RewriteRule ^/?dm(/.*)?$ %{DOCUMENT_ROOT}/w/index.php [L]
The site loaded fine when accessed as https://example.ca/w. I then updated LocalSettings.php using 'dm' as a replacement for 'wiki':
$wgScriptPath = "/w"; $wgArticlePath = "/dm/$1";
I purged the cache by truncating the MySQL objectcache. When I access https://example.ca/dm, the site appears to load properly. However, I noticed a lot of references to /w:
<link rel="stylesheet" href="/w/load.php?debug=false&lang=en&modules=mediawiki.legacy.commonPrint%2Cshared%7Cmediawiki.sectionAnchor%7Cmediawiki.skinning.interface%7Cskins.vector.styles&only=styles&skin=vector" />
<script async src="/w/load.php?debug=false&lang=en&modules=startup&only=scripts&skin=vector"></script>
There are other references to /w and //example.ca/w for links such as 'edit', 'search', and 'talk' but those will be deleted anyway.

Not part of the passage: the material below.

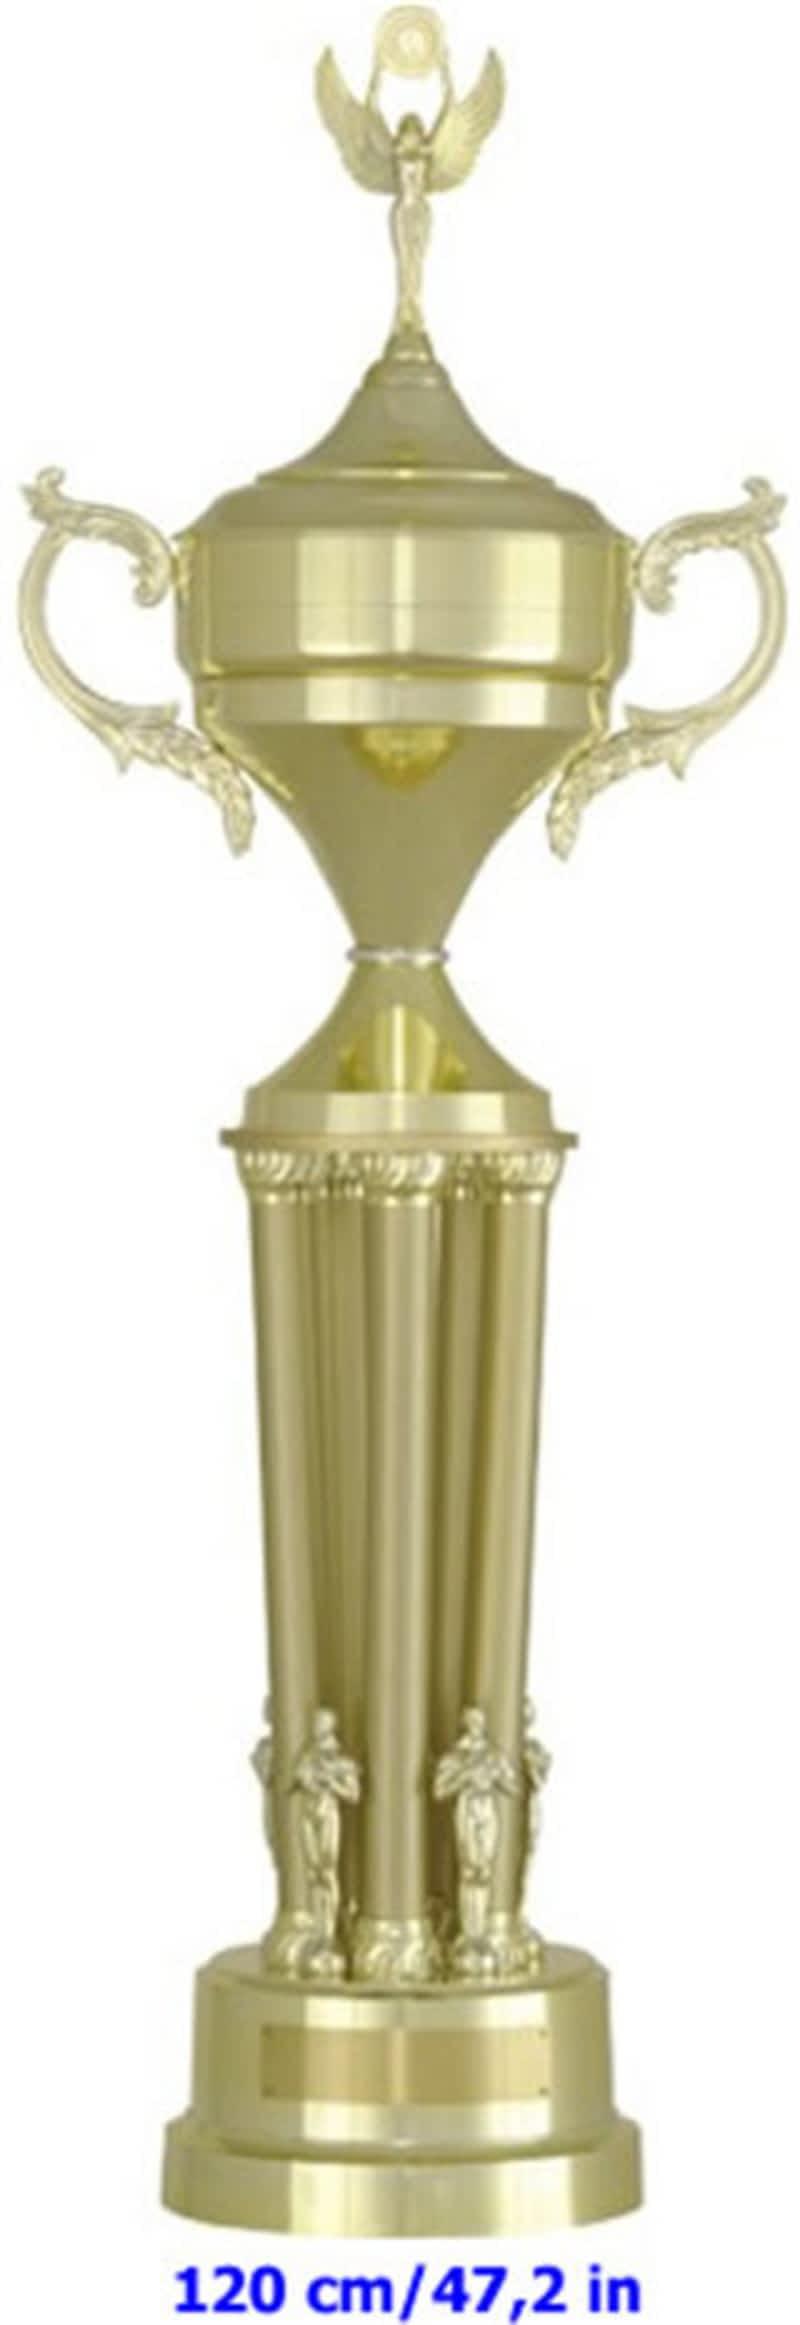 Superstar Awards Amp Recognition Surrey Bc 13122 62b

I downloaded the site using wget and the instructions at http://camwebb.info/blog/2012-12-20/. When I uploaded the static HTML files to a web server and displayed the first page, it lacked stylesheets - they had been downloaded to a 'w' folder as:
load.php?debug=false&lang=en&modules=mediawiki.action.view.filepage%7Cmediawiki.legacy.commonPrint%2Cshared%7Cmediawiki.sectionAnchor%7Cmediawiki.skinning.content.externallinks%7Cmediawiki.skinning.interface%7Cskins.monobook.styles&only
The browser failed with a 404 when trying to access the following in the static index.html:
<link rel="stylesheet" href="../w/load.php?debug=false&lang=en&modules=mediawiki.legacy.commonPrint%252Cshared%257Cmediawiki.sectionAnchor%257Cmediawiki.skinning.content.externallinks%257Cmediawiki.skinning.interface%257Cskins.monobook.styles&only=styles&skin=monobook" />
I tried renaming the various "load.php?..." files to "load.html" and "load2.html", then updating index.html to point to them. The loadx.html files load successfully but there is another load.php reference that I have not found yet, and lots in the other wiki pages.
Am I missing something obvious? I found additional .htaccess Rewrite rules in https://www.mediawiki.org/wiki/Manual:Short_URL/wiki/Page_Title_--_.htaccess but these appear apply if I am trying to run the wiki from https://example.ca.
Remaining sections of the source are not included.